RAG grounds LLMs in your data by retrieving relevant chunks at query time and injecting them into the prompt. In our eval (50 questions over proprietary docs): fixed-size chunking achieved 62% accuracy; semantic chunking (paragraph/section boundaries) raised it to ~78%. Optimize for retrieval recall over precision; K=5–7 works for most document-QA workloads. Instruct the model to refuse when context lacks the answer.
Retrieval-augmented generation (RAG) fetches context at query time and conditions the model on it. The gap between "RAG works" and "RAG is production-ready" comes down to chunking strategy, retrieval recall, and handling retrieval failure.
Evidence: our evaluation
On 50 questions over proprietary docs: fixed-size chunking (256–1024 tokens, top-3 to top-10) achieved 62% accuracy; semantic chunking (paragraph/section boundaries) reached ~78%. Remaining failures were mostly retrieval misses.
We built internal tools for document Q&A. Naive setup: fixed-size chunks (e.g., 500 tokens), embed, store, retrieve top-K. Failures: queries spanning multiple chunks got partial context; semantic similarity didn't guarantee relevance ("pricing" chunk for "how much does it cost?" when discussing a different product); fixed-size chunking split tables and paragraphs mid-structure.
What retrieval actually does
Retrieval recall (relevant chunk in top-K) correlates more strongly with accuracy than precision. Missing the right chunk is fatal; a few irrelevant chunks are tolerable. Diminishing returns past K=5–7 for document-QA.
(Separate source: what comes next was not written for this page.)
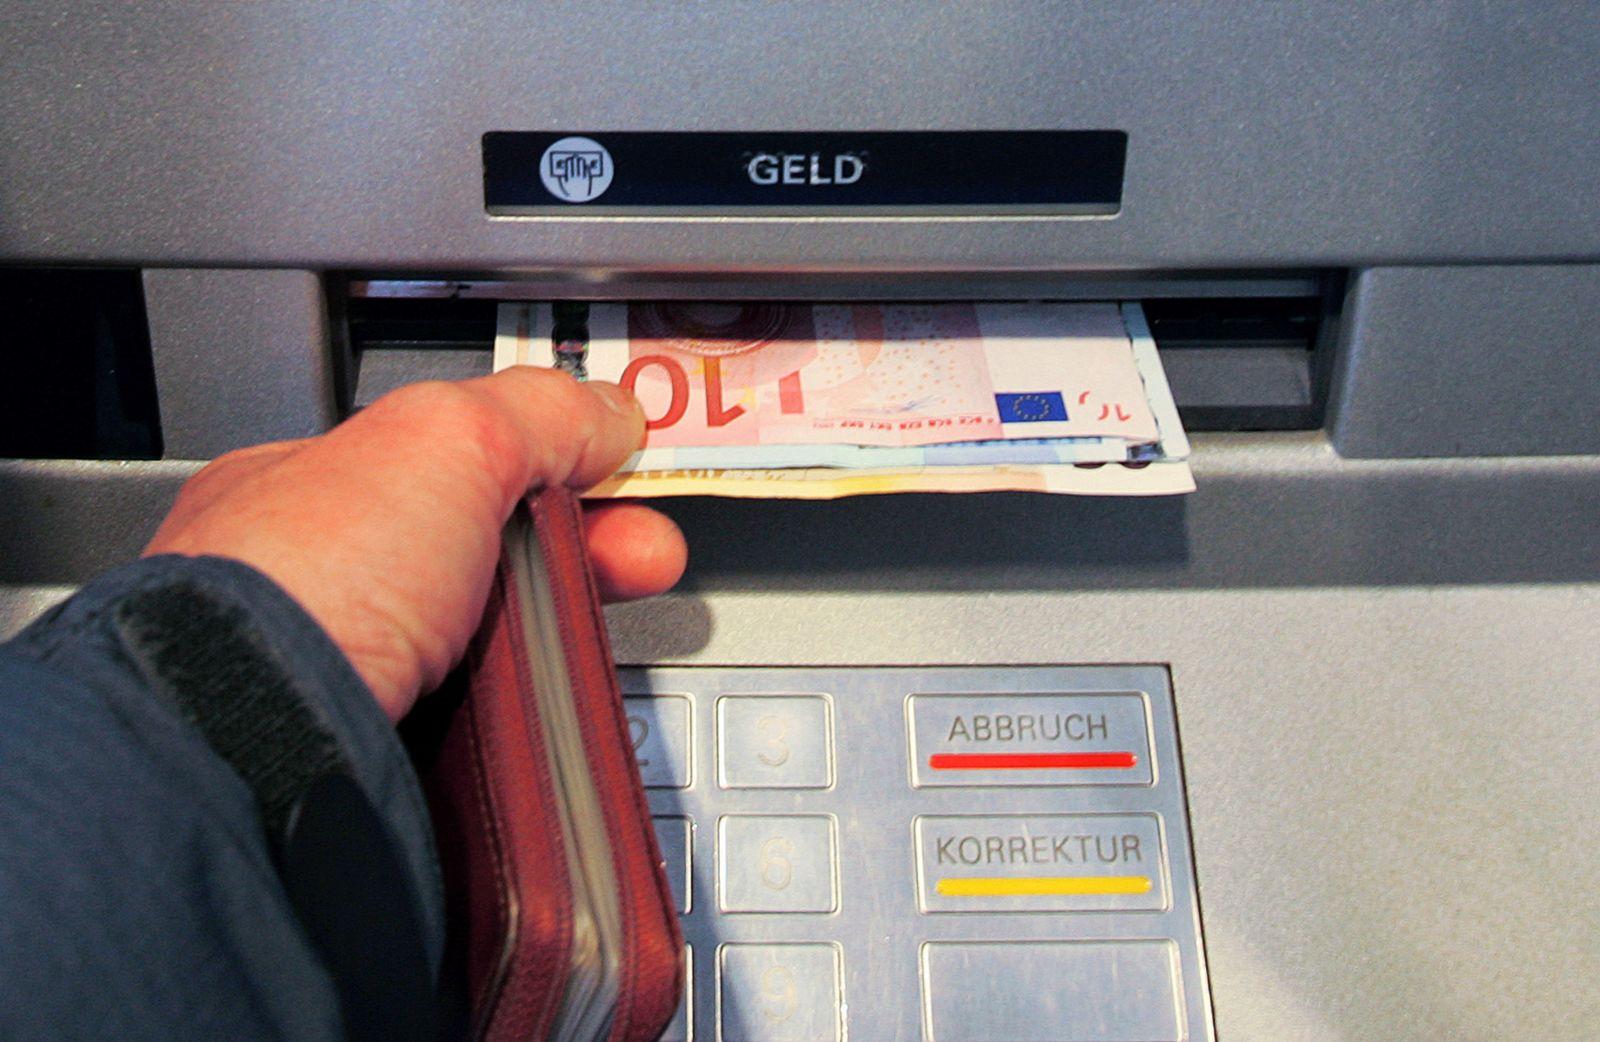 Geldautomat/ Girokonto für jeden

RAG retrieval narrows the context window to what's likely relevant. The model reasons; retrieval reduces the search space. Retrieval is a filter, not a guarantee—if the right information isn't retrieved, the model can't recover. Increasing K improves recall but dilutes the signal (more tokens, higher latency). The right K depends on chunk size and how often answers span multiple chunks.
Chunking: the hidden variable
Semantic chunking (paragraph/section boundaries) raised accuracy from 62% to ~78% in our 50-question eval. Fixed-size chunking breaks tables and lists; semantic chunking preserves structure.
Fixed-size vs semantic chunking
Fixed-size chunking is easy but breaks semantic units—tables and bullet lists get split mid-item. Semantic chunking splits on paragraphs, sections, or headings. Chunk sizes become variable; retrieval scoring is more complex, but accuracy gain outweighs it.
Overlap
50–100 token overlap between adjacent chunks helps when answers span boundaries. Increases storage; we use it for long-form docs, skip for FAQs.
The Meterra approach
We've landed on a retrieval pipeline that prioritizes recall over precision, then filters. First, we use semantic chunking with paragraph/section boundaries. Second, we retrieve more than we need (e.g., top-10) and rerank with a lightweight cross-encoder or keyword overlap before passing to the LLM. Third, we include explicit instructions in the prompt telling the model to say "I don't know" when the retrieved context doesn't contain the answer—rather than hallucinating.
The key is treating retrieval as a probabilistic step. We don't expect every query to hit the right chunk. We design for graceful degradation: when retrieval fails, the model should refuse, not confabulate.
What we recommend
Given how RAG systems actually behave, we recommend:
1. Start with semantic chunking.
Respect document structure. Split on paragraphs, sections, or headings. Avoid fixed-size chunking unless your content is highly uniform.
2. Optimize for recall, then filter.
Retrieve more chunks than you'll use. Rerank or filter before passing to the model. Missing the right chunk is worse than including a few irrelevant ones.
3. Add a "no answer" path.
Instruct the model to refuse when the context doesn't support an answer. Monitor how often that happens—it's a signal that retrieval needs improvement.
4. Evaluate retrieval separately.
Measure retrieval recall (is the right chunk in top-K?) before optimizing generation. If retrieval is broken, better prompts won't fix it.
At the margins, the difference between "RAG works" and "RAG is unreliable" often comes down to chunking and retrieval recall. Get those right first; the rest is prompt engineering.